Option 2. Middleware

Another way of intercepting incoming and outgoing messages is to inject a custom middleware. The middleware is called in between receive and incoming, and also in between send and outgoing:

1
2
3
4
5
6
7
8
9
10
11
12
13
14
bot.use({
send: function (message, next) {
if (message.type === 'message') {
// ToDo: record in the transcript journal
}
next(); // <-- I will explain in NOTE 3 below
},
receive: function (message, next) {
if (message.type === 'message') {
// ToDo: record in the transcript journal
}
next(); // <-- I will explain in NOTE 3 below
}
});

NOTE 3. next()

Middleware that you inject via bot.use() form a stack that is processed synchronously and in order. The bot framework does it via a recursive function that self-invokes. Every invocation notifies the next middleware in the chain and will eventually call the main processing callback. This is a nice way to keep running down the list even when one errors out as it will self-invoke in a catch block. I suggest that you guys take a closer look at UniversalBot.prototype.eventMiddleware if you’re interested. So if we don’t call next(), the chain will not continue and the bot will never receive the message.

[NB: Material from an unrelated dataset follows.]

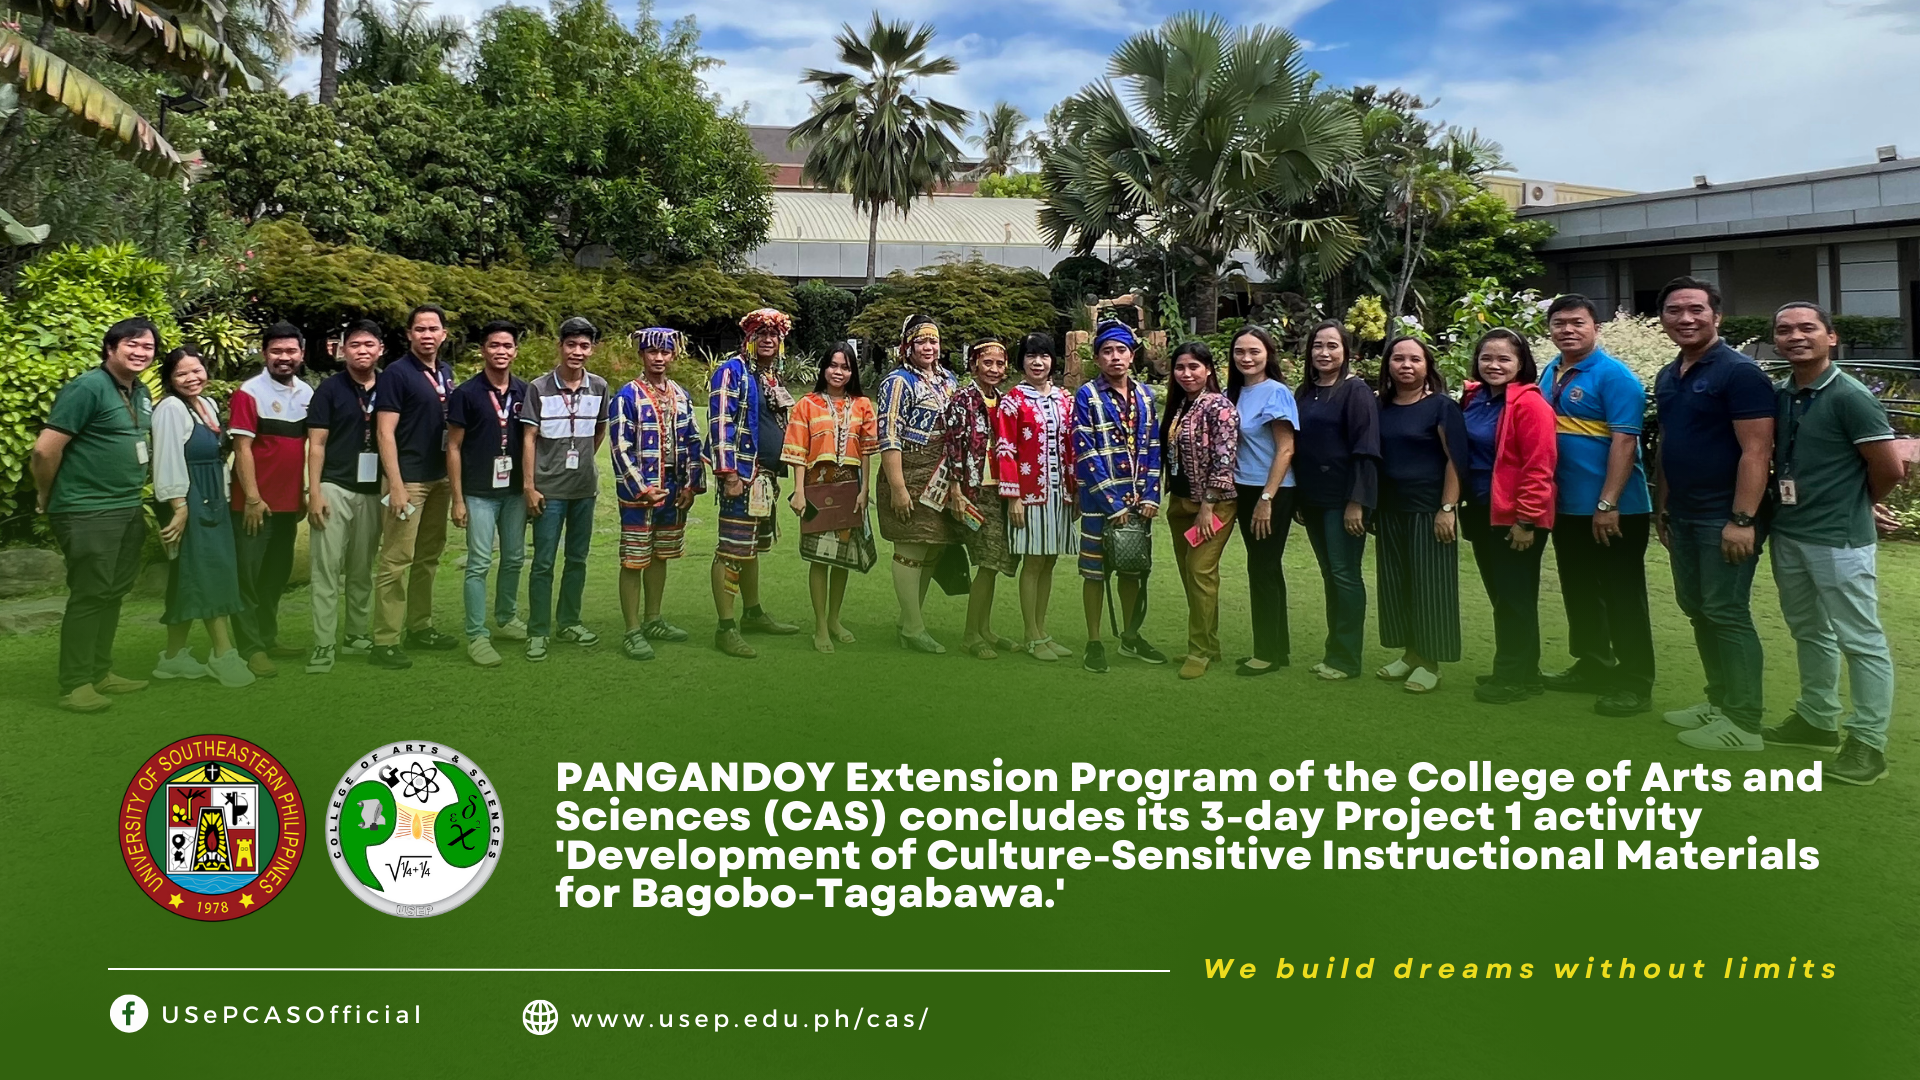 USeP CAS PANGANDOY Extension Program Concludes Its 3-day Project 1 Activity ‘Development of Culture-Sensitive Instructional Materials for Bagobo-Tagabawa’

We can use this feature to our advantage. If we chain next() onto the direct call to session.options.onSave(), we can ensure that the chain continues after the successful journaling of the transcript. No chance to have them all interleave and overwrite one another, though it probably takes longer before it gets to the user:

1
2
3
4
5
6
7
8
9
10
11
12
13
14
15
16
17
18
19
20
21
22
23
24
25
const transcript = function (session, direction, message, next) {
session.privateConversationData.transcript = session.privateConversationData.transcript || [];
session.privateConversationData.transcript.push({
direction,
message,
timestamp: new Date().toUTCString()
});

session.options.onSave(next);
};

const journal = (direction) => (message, next) => {
if (message.type === 'message') {
bot.loadSession(message.address, (error, session) => {
transcript(session, direction, message.text, next);
});
} else {
next();
}
};

bot.use({
send: journal('outgoing'),
receive: journal('incoming')
});

You can also combine the two techniques and use routing event for incoming messages and only use send middleware to capture the outgoing traffic. Just make sure that you don’t do session.save() for the incoming. Here’s a gist.

Option 3. External Joural

I don’t know how stable is session.options.onSave() and bot.loadSession(). Neither one is part of the official public API so use at your own risk.

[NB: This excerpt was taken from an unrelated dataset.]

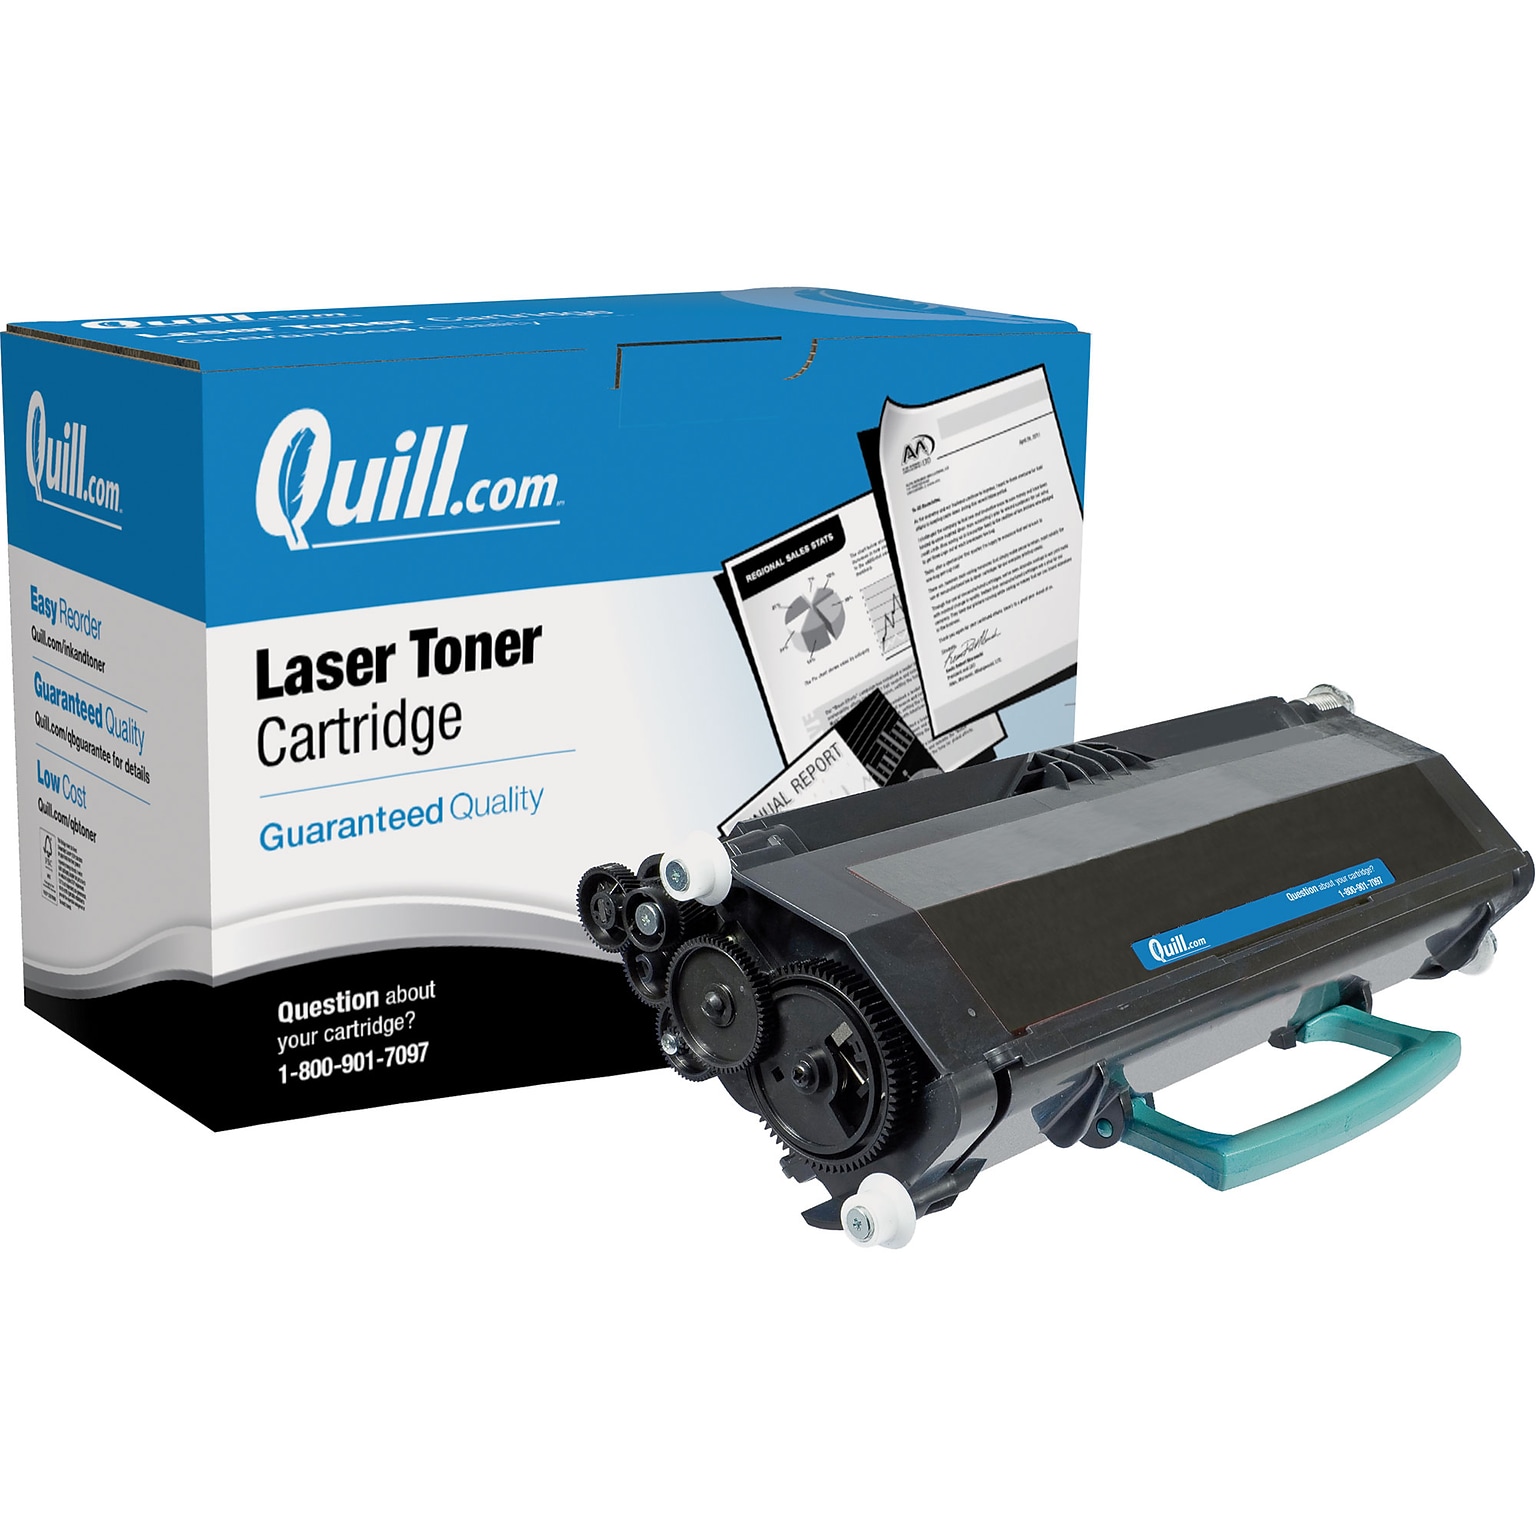 Quill Brand Remanufactured Laser Toner Ctdg. Comp. to Lexmark™ E460X21A Extra High Yield Black (100% Satisfaction Guaranteed)

You can also roll your own transcript service and safely call it asynchronously from the send and receive event handlers. What I like about using session.privateConversationData is that I need no custom infrastructure and can easily discard the transcripts if I don’t use them. The bot framework will take care of it for me.

It would be nice though if bot framework gave me a routing-like event for the outbound pipeline that would fire before saving of the data. This way I would be able to nicely record the transcript without disrupting the flow of things, and wouldn’t risk relying on internal implementation detail that can easily go away in the next version.